If while going against all principles of review: though the Supreme Court rules mandate that a review bench must be the same as the original, five of the eight majority judges were dropped without explanation.
They were replaced by seven newcomers, most brought in by the unity regime’s court-packing plan, which had inflated the Supreme Court’s 17-judge strength to 34. For context, India has 33 judges, despite a population five times the size.
Then again, policy concerns were hardly on the executive’s mind. “Observers will ask why the authorities are suddenly worried about how many judges there are in the Supreme Court,” a Dawn editorial wondered when the packing was underway. “Does it have something to do with how the bench ruled in the reserved seats case?” Well, yes.
As it turns out, when said court-packing was alleged before the bench, one new judge did recuse himself from the proceedings — but the bench was never reconstituted. For the first time ever, a smaller bench (12 members) would review the decision of a larger bench (13 members).

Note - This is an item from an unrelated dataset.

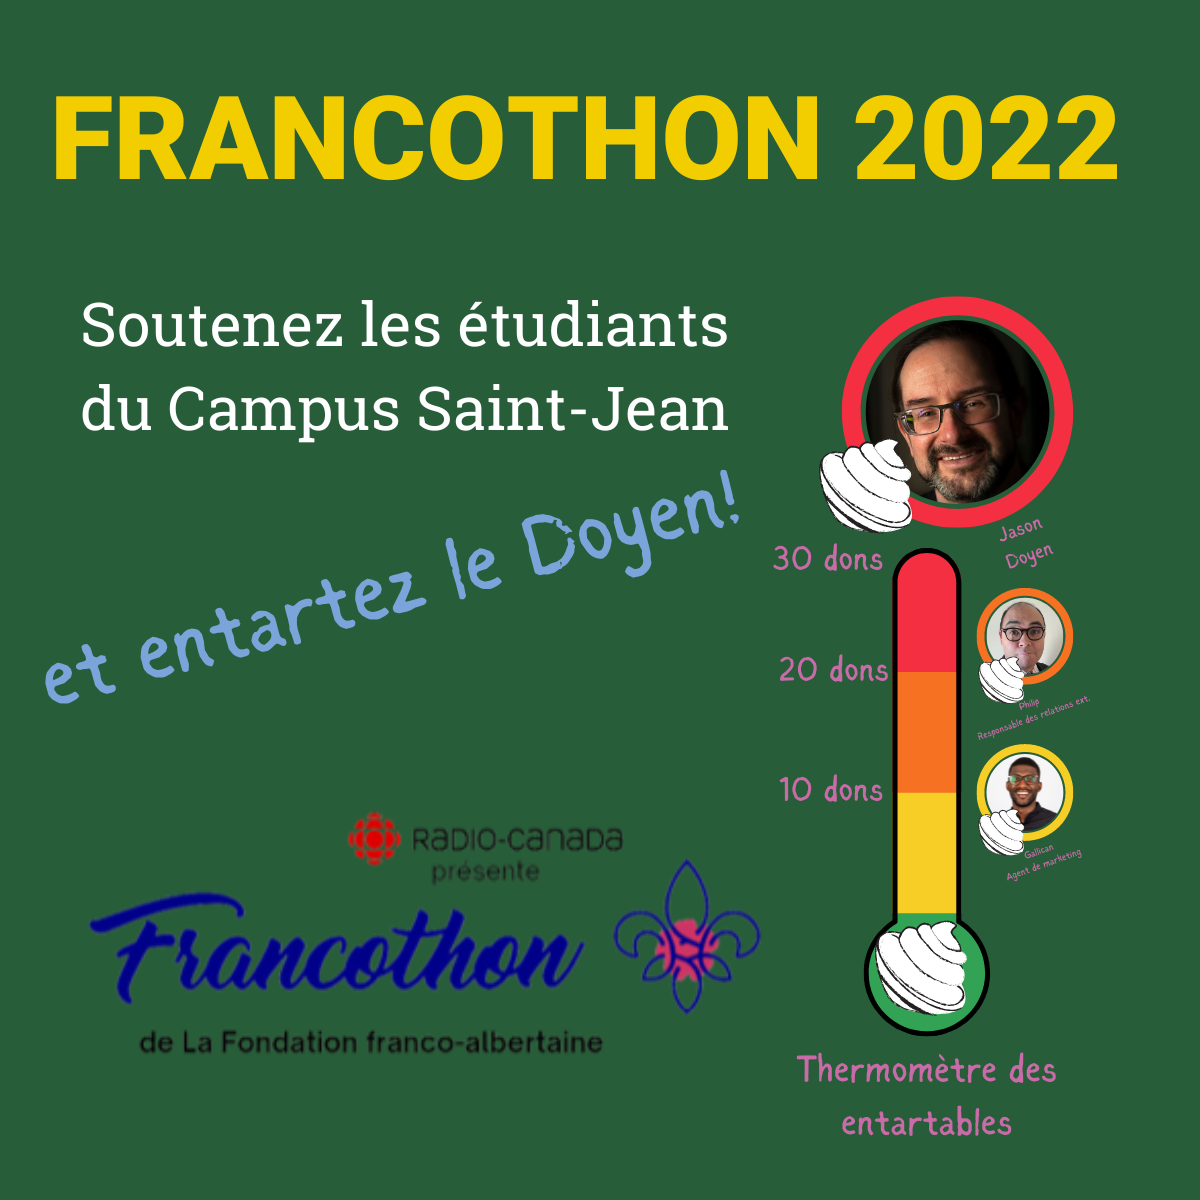 francothon-3840--1080-px-4--4-in.png

And in yet another first, that bench itself was headed by its most fervent dissenter: in what seemed to be pure happenstance, the executive had already decided on Justice Aminuddin as head of the Constitutional Bench. (The only judge on the judicial commission to have voted for Justice Aminuddin had been Justice Aminuddin.)
All of which brings us to the end scene: if not obvious already, Sunni Ittehad has been reversed in review. The PTI’s haul of reserved seats has dropped from 22 back to 0; its seats again dished out to the losers. Designed for the underrepresented, they are now tools for overrepresentation.
Not only has Justice Aminuddin’s view prevailed, even the original majority’s judges have swapped sides: Justices Mazhar and Rizvi have decided against Justices Mazhar and Rizvi from last summer, and accepted a review of their own decision. The final tally stands at 10-2.
If there’s a silver lining, it comes from said two: Justices Ayesha and Abbasi, who threw out the review petitions upon arrival. Even amid the judiciary’s continuing debasement, Justice Ayesha has given cause for hope: prior to standing up for the reserved seats verdict, she struck down military trials of civilians and rejected each tier of the bogus Practice and Procedure Act.
And more hope will be required: per Sunni Ittehad’s counsel, “The journey from stealing the general election to stealing the reserved seats is complete”.
Which means more corrosion ahead: the 27th amendment is now on the horizon, its contents still in the dark. Until it is exposed, and it must be, Pakistanis wonder: what rough beast, its hour come round at last, slouches towards Bethlehem to be born?